The commencement of everything — the origin of the Universe — is one subject where scientific and religious interpretations sometimes collide. This isn’t because they take the same response to the situation; obviously, they don’t. It’s because the question they’re both being asked seems to be the same.

We’re curious as to how all of it came to be. We really like to know because our tale would be meaningless without it. We are the Universe’s products, and the tale of the Planet is ultimately our story as well.

The Universe’s Origin

If the origins of life are enigmatic, the origins of the Universe are immeasurably more so. After all, by definition, the Universe encompasses everything. How did everything appear out of nowhere?

Science’s task is to come up with insights that do not rely on divine intervention. We comply with the law of nature as our guide. Because of this constraint, describing the genesis of the Universe is a significant conceptual difficulty for science.

Science evolves inside well-defined conceptual frameworks. Science would have to explain itself in attempt to elucidate the origin of everything. And we’d need a new kind of scientific reasoning to do so.

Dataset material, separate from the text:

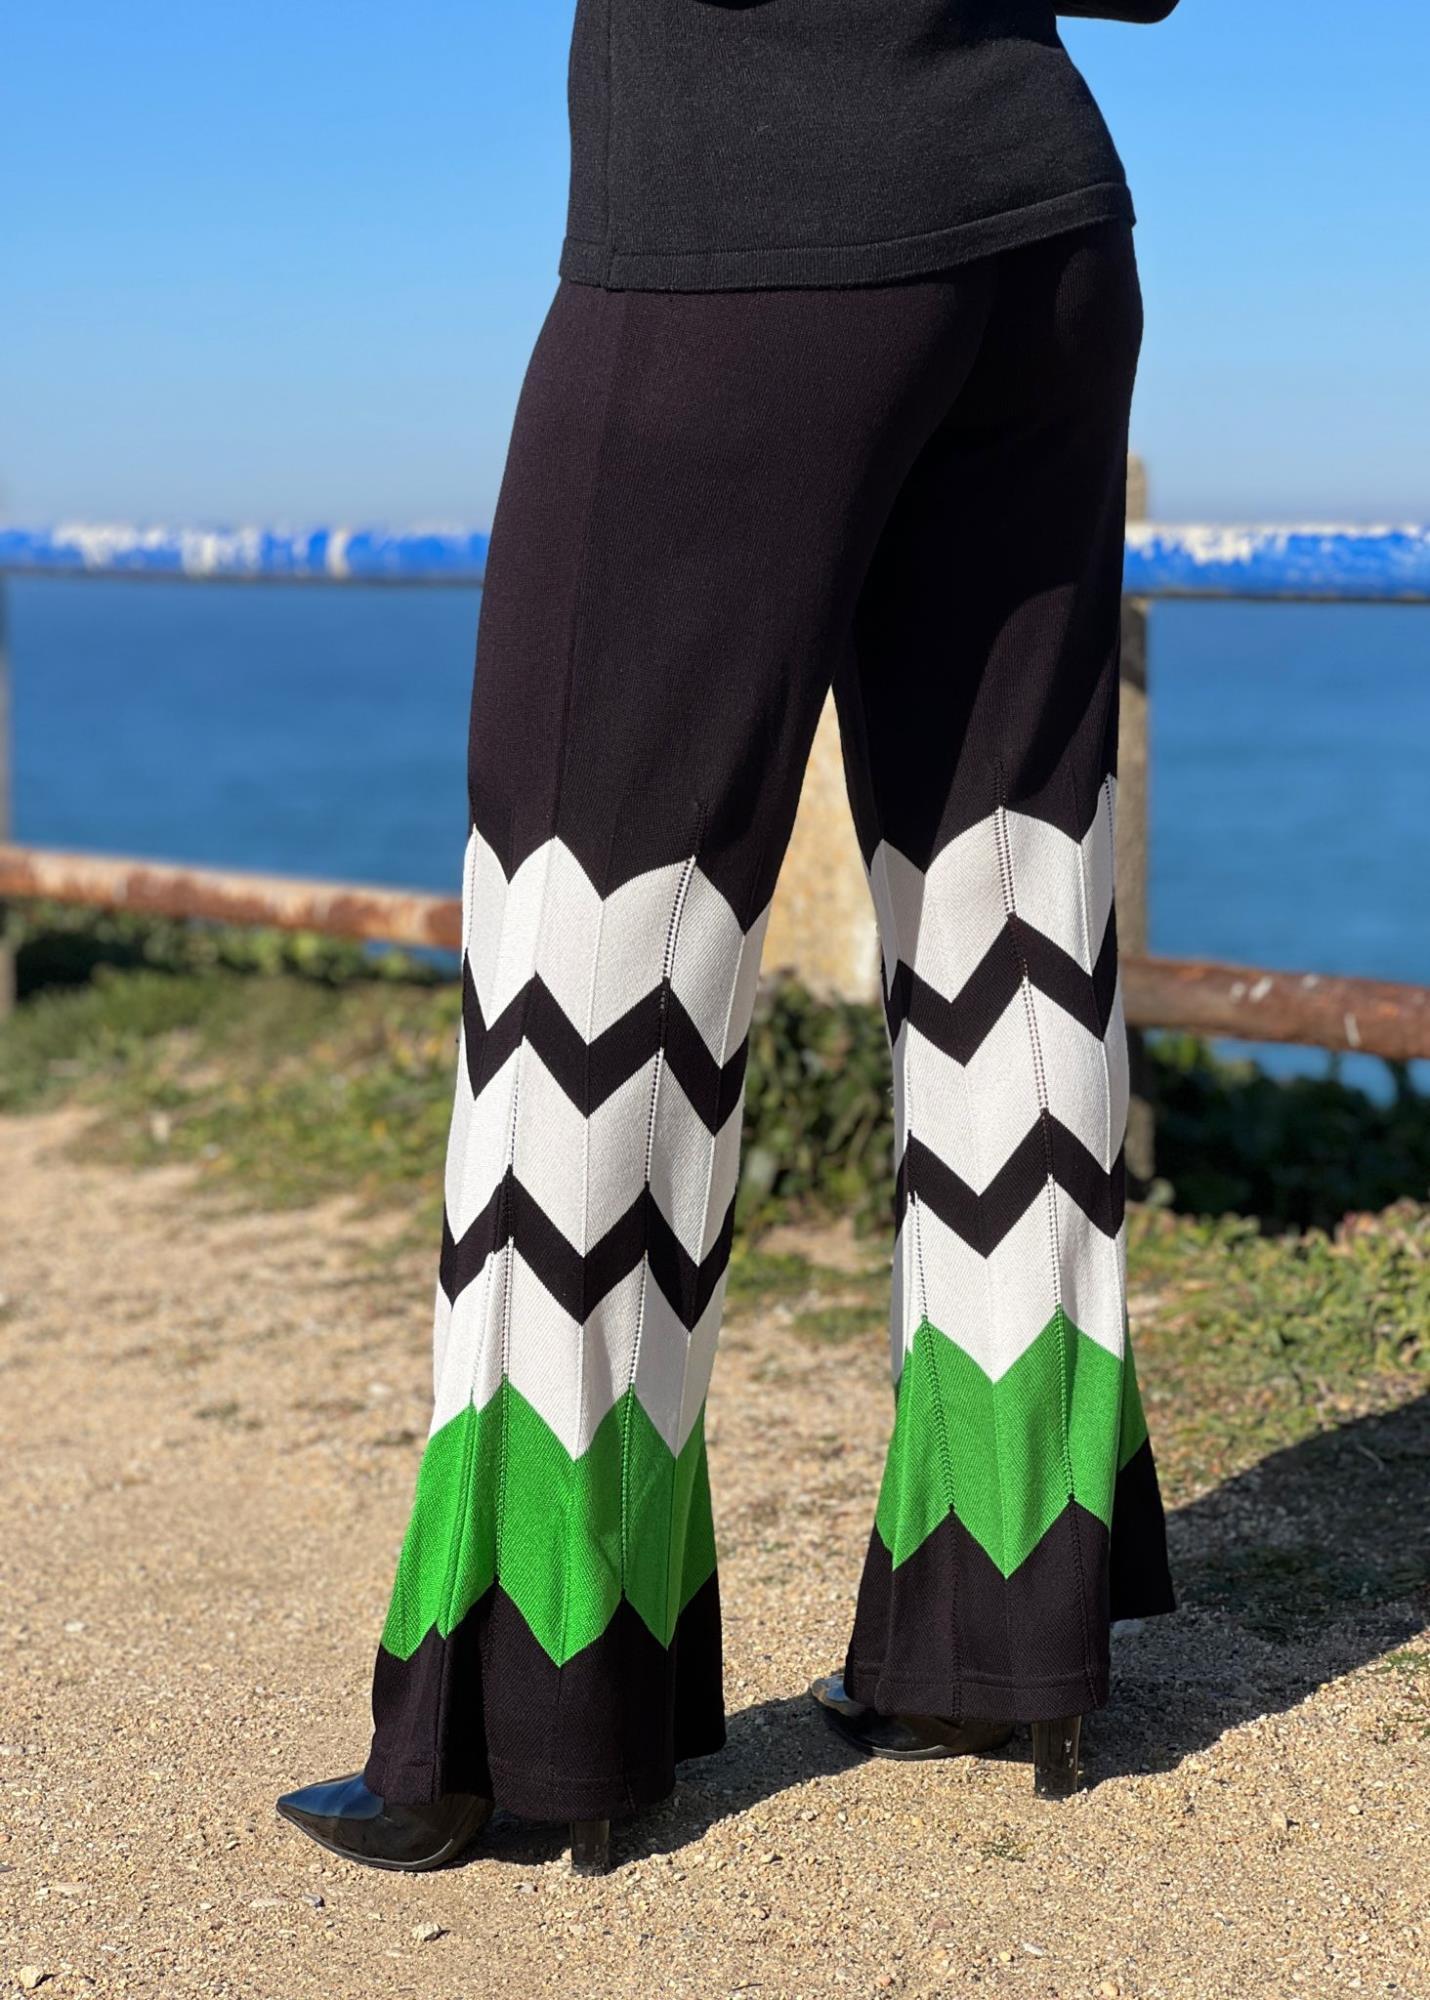 Pantalona padrão zigzag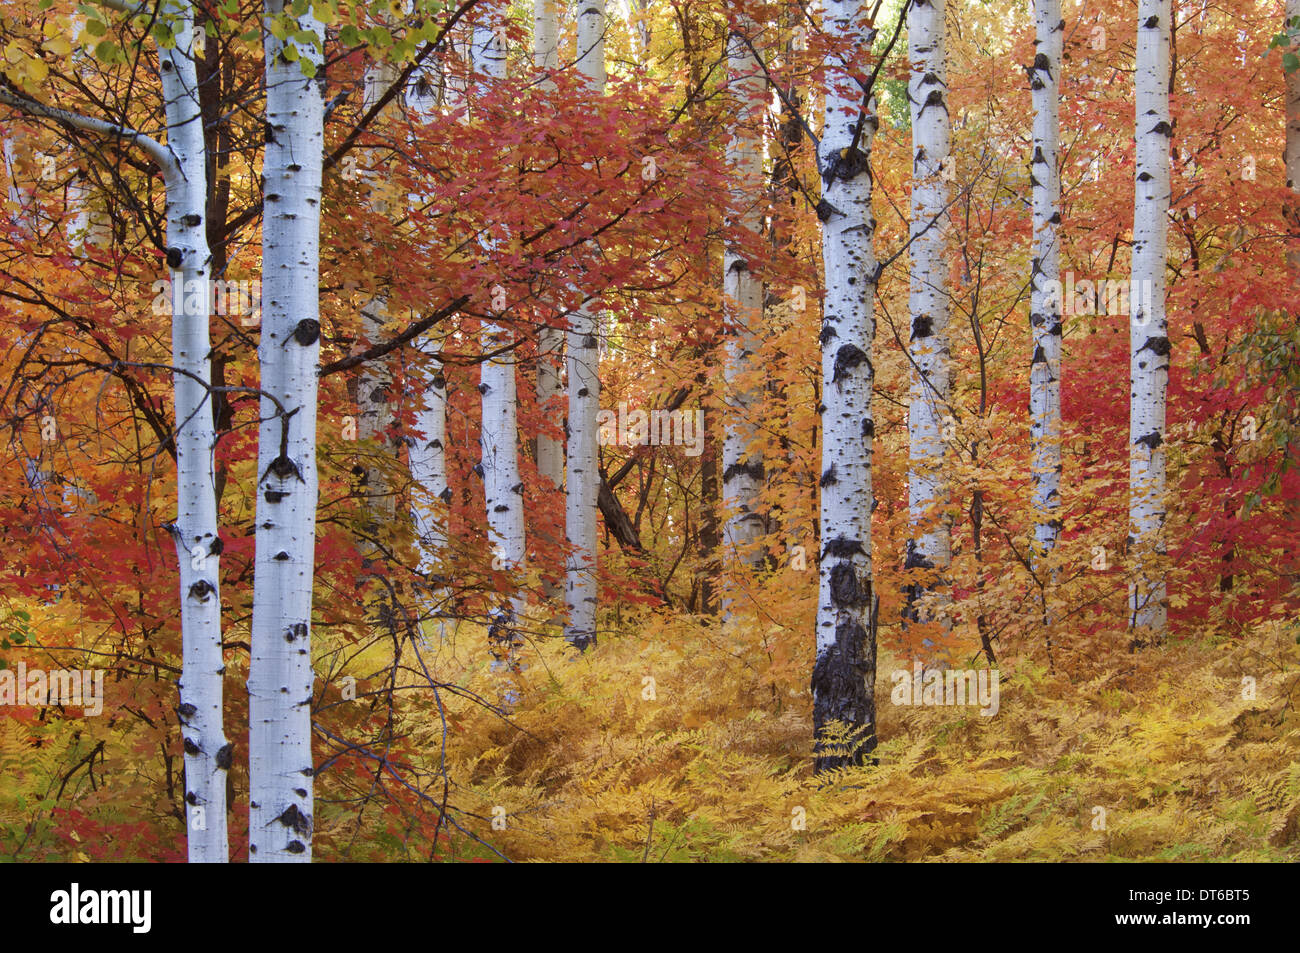 Wald von den Rocky Mountain Ahorn und Beben Aspen Baum in den Wasatch Mountains. Herbstsaison. Stockfoto

The Universe’s Saga cannot Begin on the Back of the Book


The two pillars of twentieth-century physics underpin current explanations of the Universe’s formation. General relativity, Einstein’s hypothesis that gravity is created by the warping of space induced by the existence of mass, is the first pillar. Quantum physics, which explains the realm of atomic and subatomic, is the second pillar. Linking the two is logical, given that the Universe was tiny even in its youth for subatomic particles to be significant.